» **MATERIAL PROVIDED**

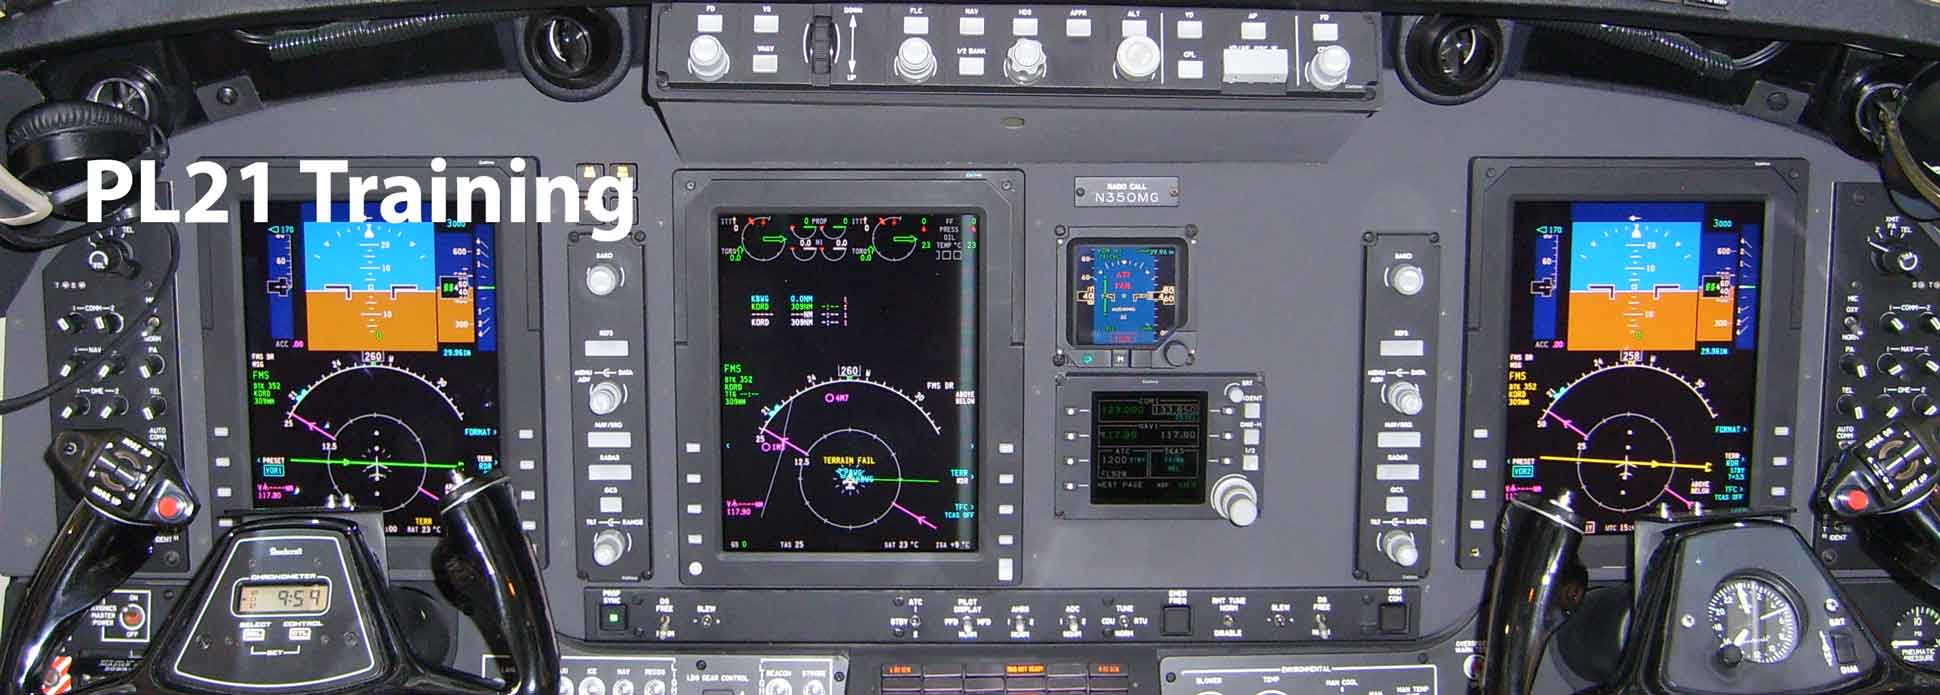 Rockwell Collins Proline 21 – CAMFLIGHT – Advanced Avionics
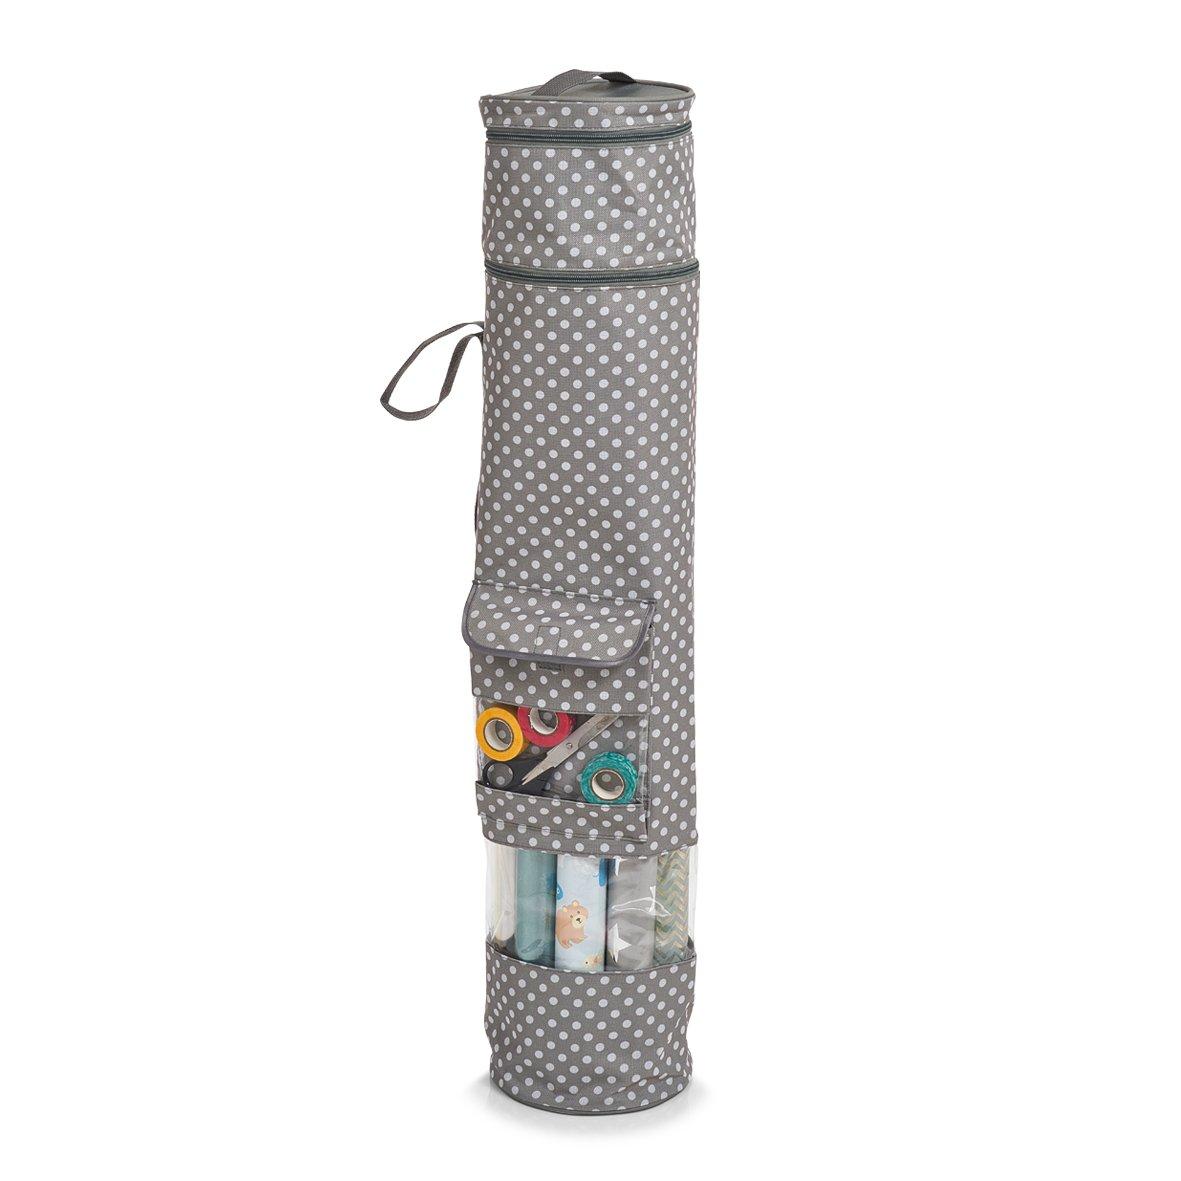 Polyester Gris Zeller 14660 Caja para Papel de Regalo 17x17x85 cm
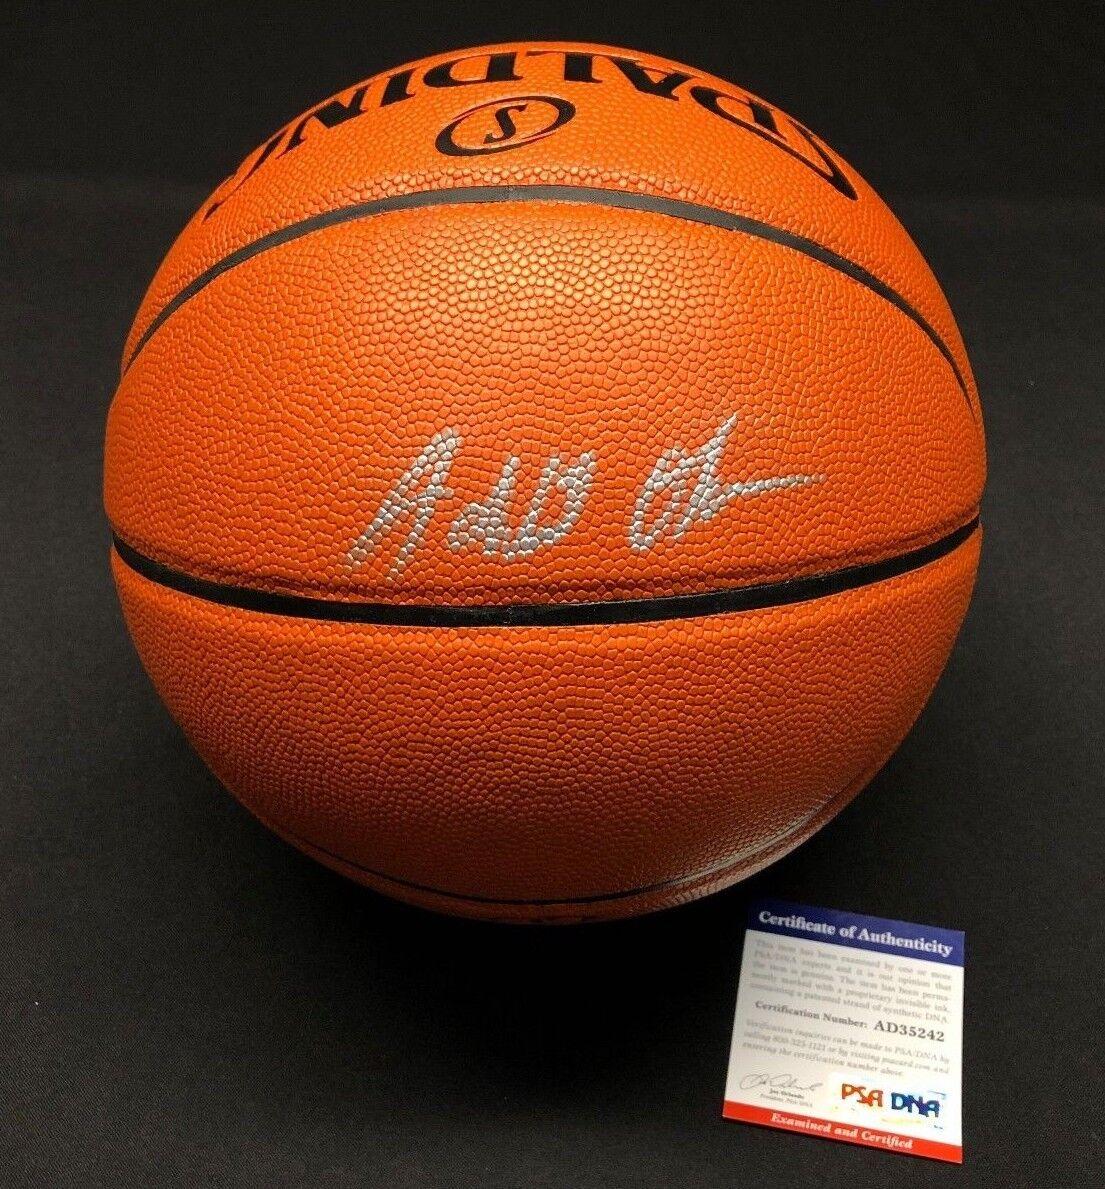 Jahlil Okafor Signed Spalding Game Ball Series Basketball *Nets PSA AD35242

» **REQUIRED ACTION**
Drop the images; restate the listing exactly.

» **WRITTEN ANSWER**
 Rockwell Collins Proline 21 – CAMFLIGHT – Advanced Avionics
 Polyester Gris Zeller 14660 Caja para Papel de Regalo 17x17x85 cm
 Jahlil Okafor Signed Spalding Game Ball Series Basketball *Nets PSA AD35242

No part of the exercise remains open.